• EXERCISE DIRECTIONS
Nothing should appear in the answer except the lines below from the line containing "Monument commémoratif du" through the line containing "Fadenmeister Berlin - Jersey", copied exactly, with pictures left out.

• DATA FOR THE TASK
···
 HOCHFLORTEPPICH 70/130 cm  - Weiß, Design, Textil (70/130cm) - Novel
···
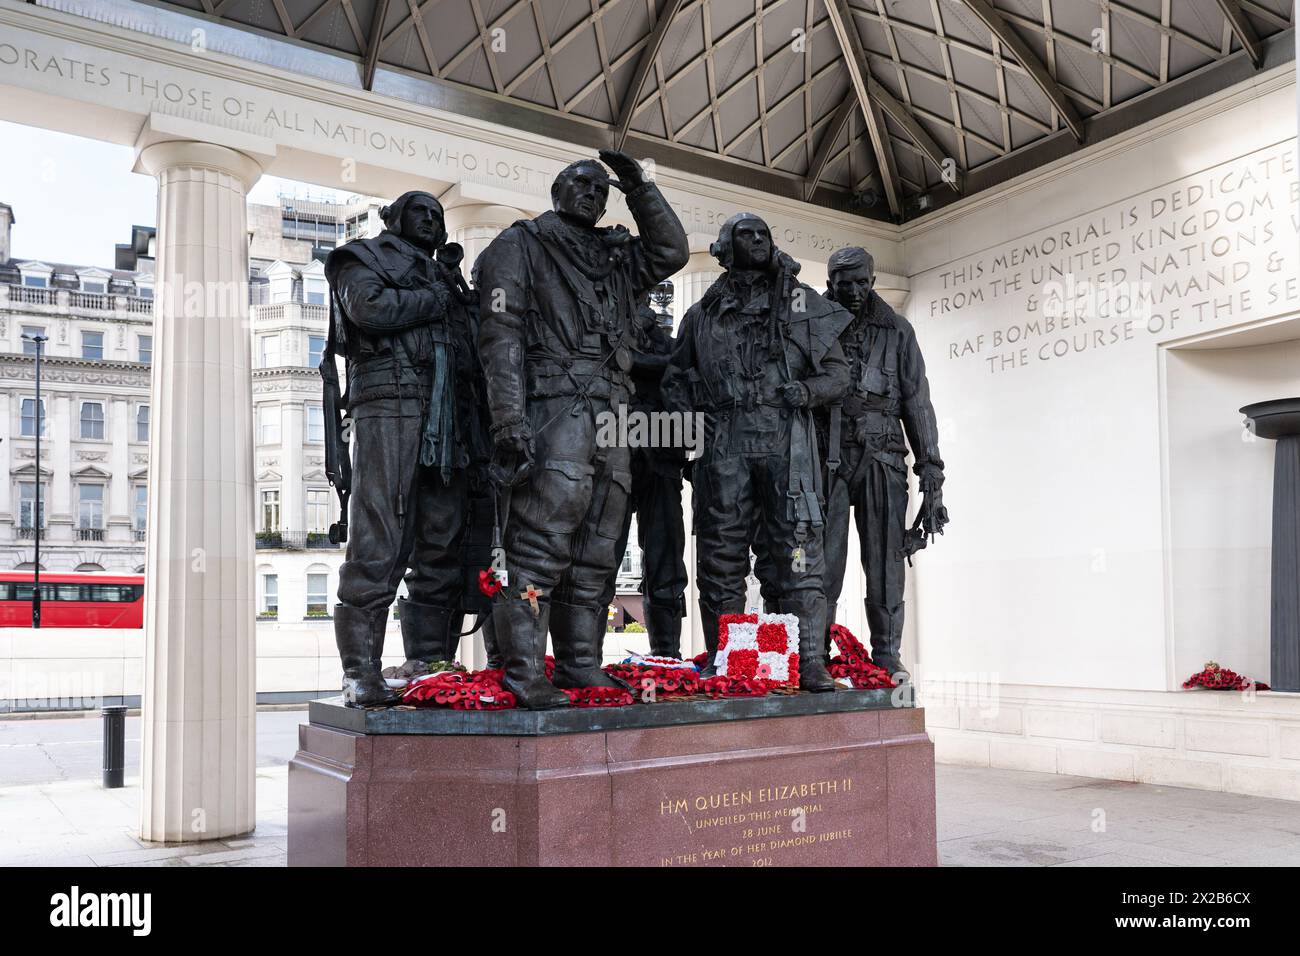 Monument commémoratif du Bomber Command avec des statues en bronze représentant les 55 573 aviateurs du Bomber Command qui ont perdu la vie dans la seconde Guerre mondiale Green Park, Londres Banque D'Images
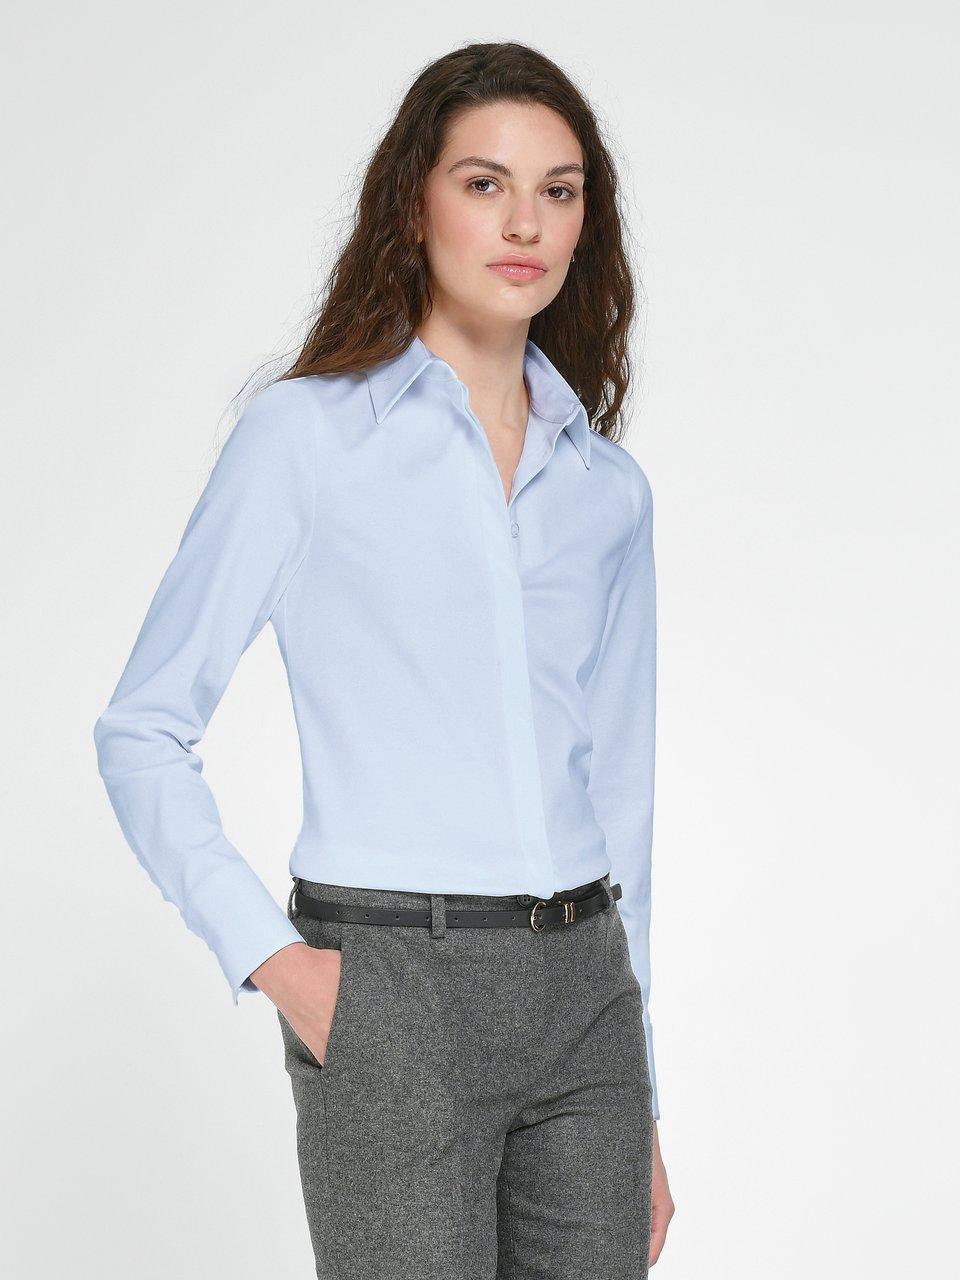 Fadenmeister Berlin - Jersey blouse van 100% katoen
···
• WRITTEN REPLY
 Monument commémoratif du Bomber Command avec des statues en bronze représentant les 55 573 aviateurs du Bomber Command qui ont perdu la vie dans la seconde Guerre mondiale Green Park, Londres Banque D'Images
 Fadenmeister Berlin - Jersey blouse van 100% katoen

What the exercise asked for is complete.